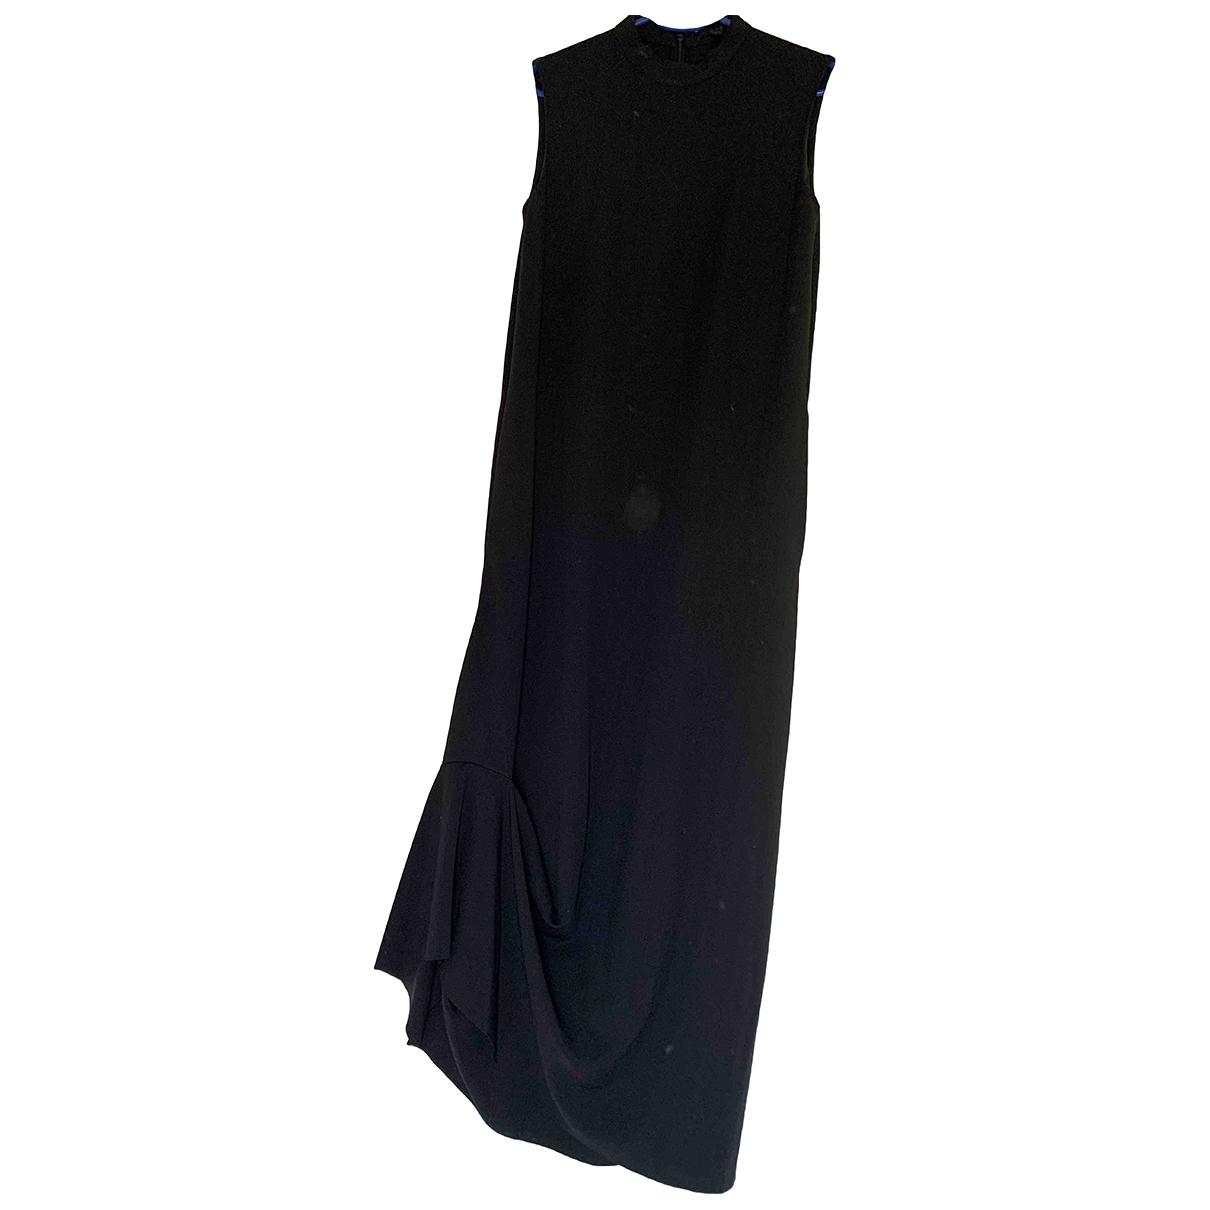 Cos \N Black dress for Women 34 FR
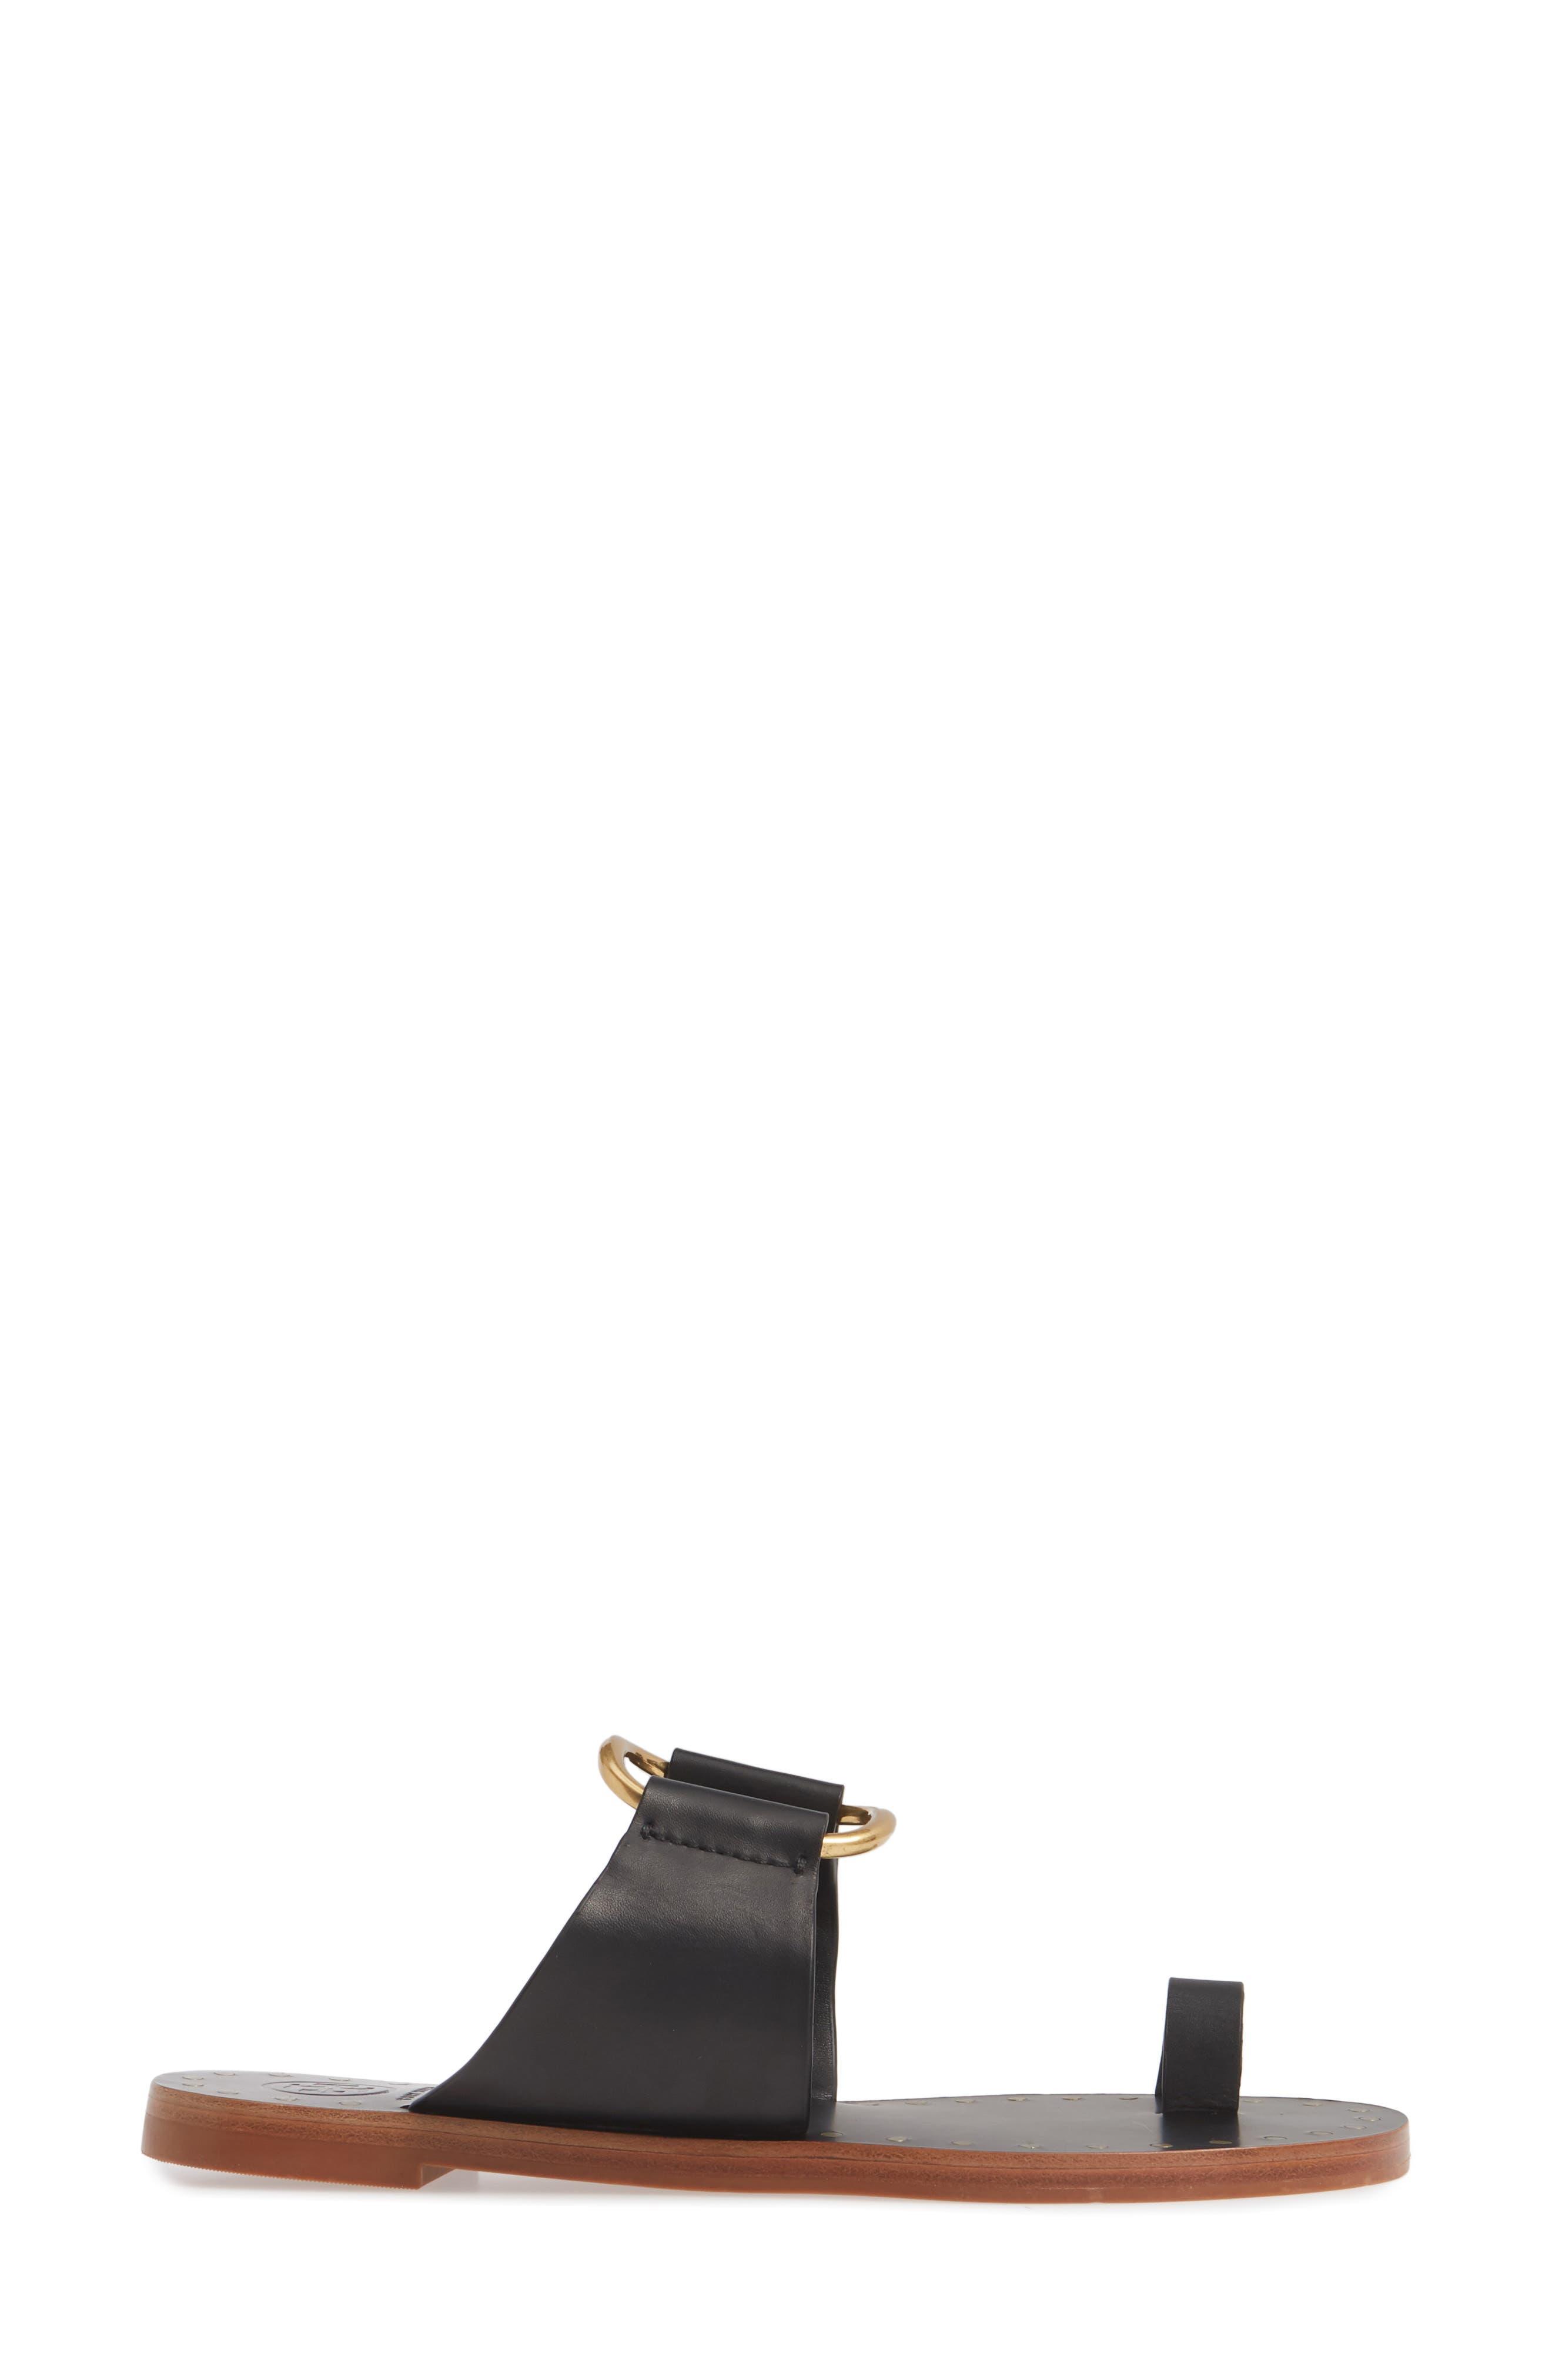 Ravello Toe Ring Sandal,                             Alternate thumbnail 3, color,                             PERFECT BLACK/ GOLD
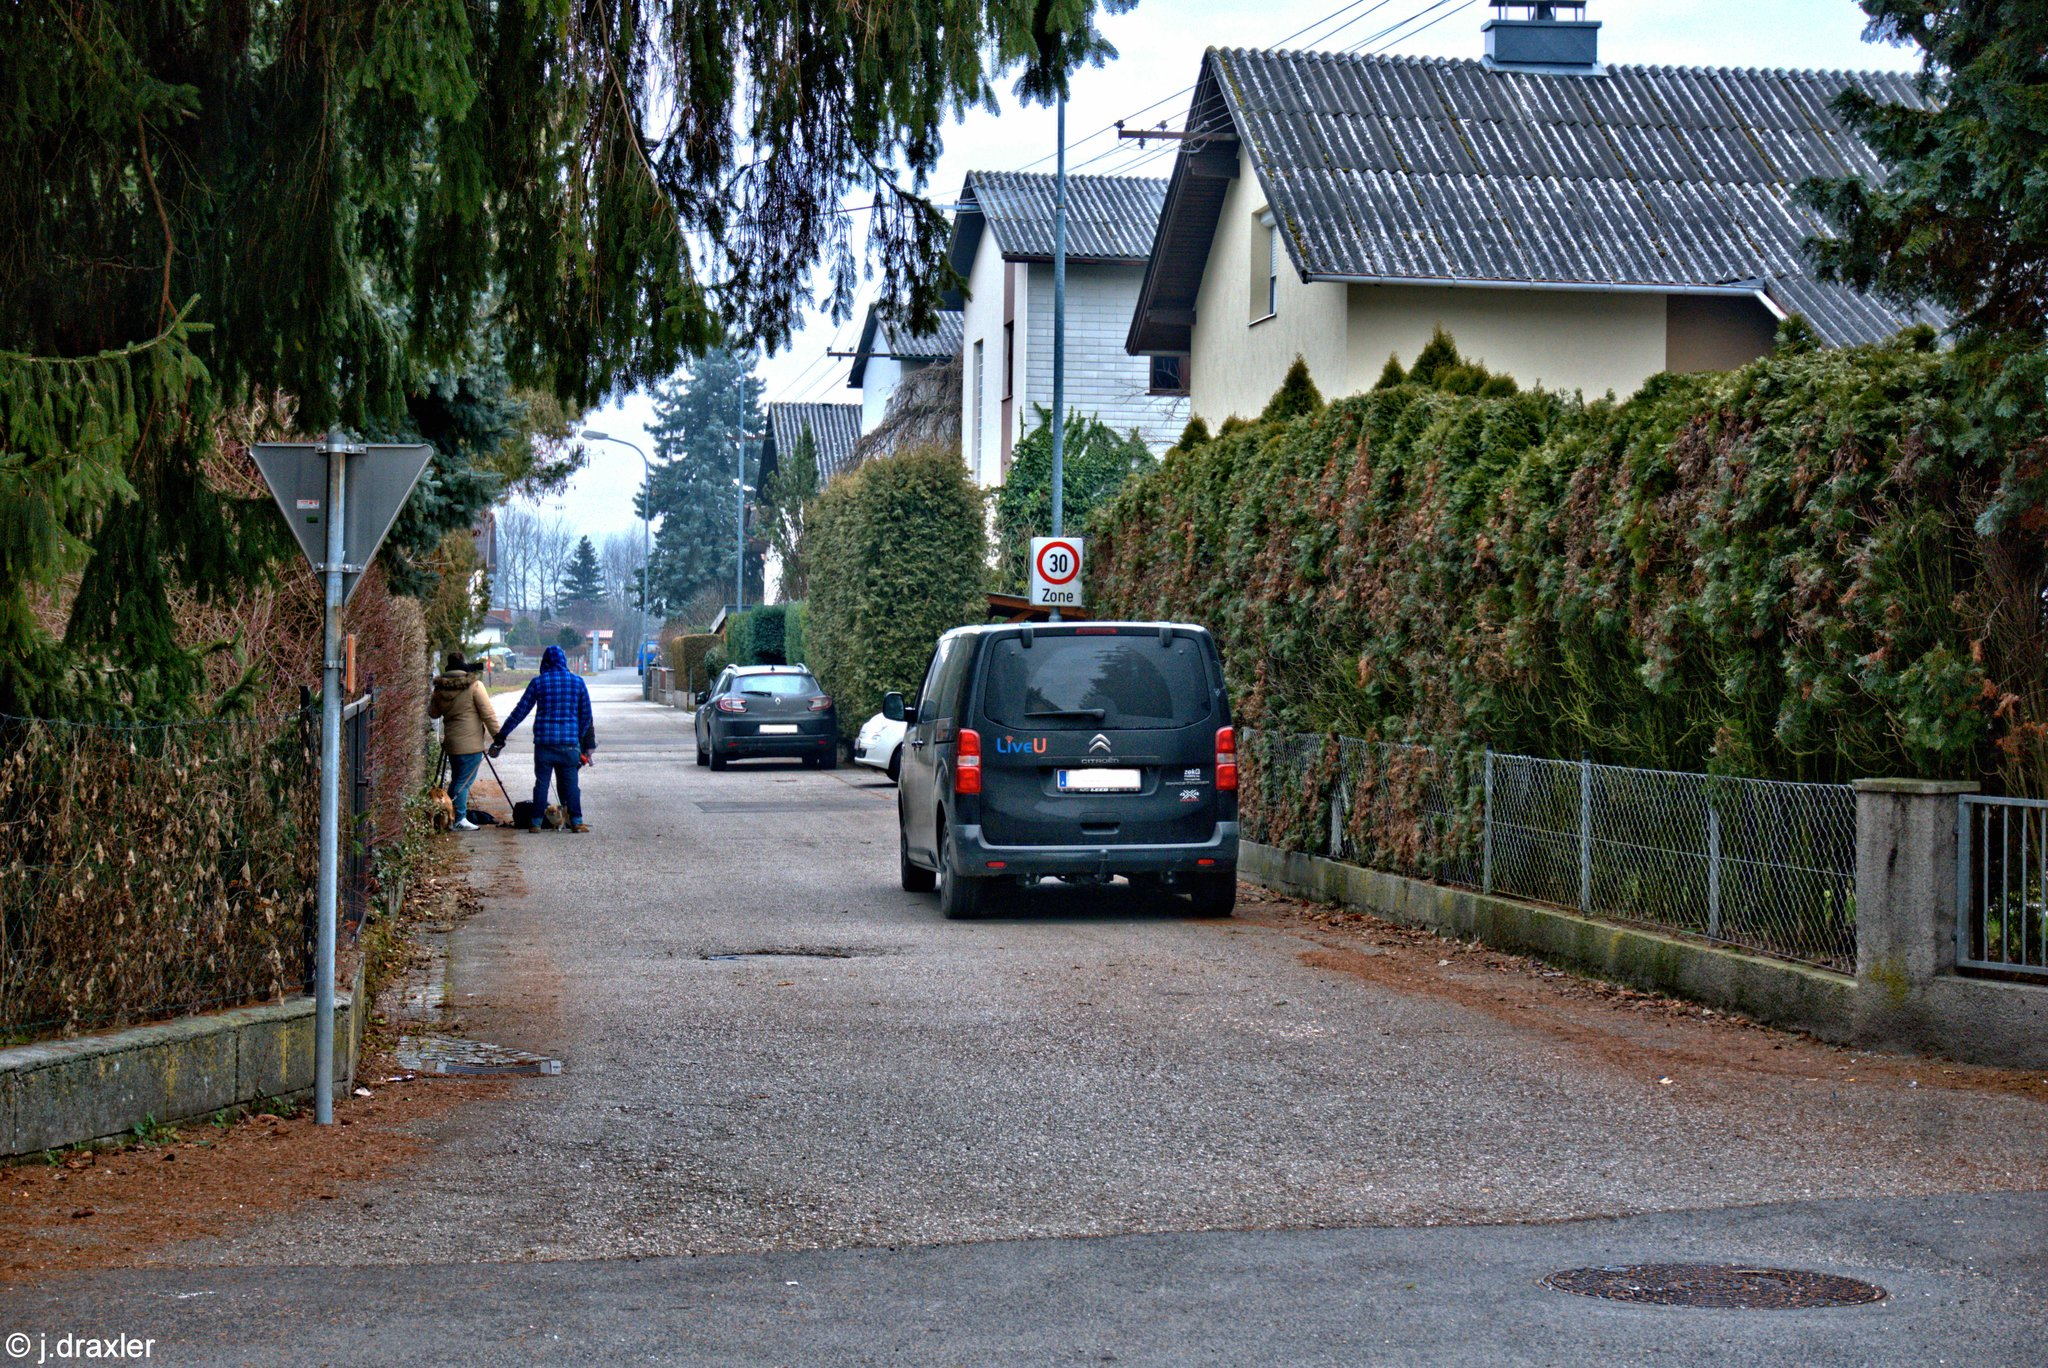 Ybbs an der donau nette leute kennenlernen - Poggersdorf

» **Task statement**: Emit an exact copy of the lines from the line bearing "Ravello Toe Ring" through the last line above, inclusive, and leave the images out.

» **Worked solution**:
 Ravello Toe Ring Sandal,                             Alternate thumbnail 3, color,                             PERFECT BLACK/ GOLD
 Ybbs an der donau nette leute kennenlernen - Poggersdorf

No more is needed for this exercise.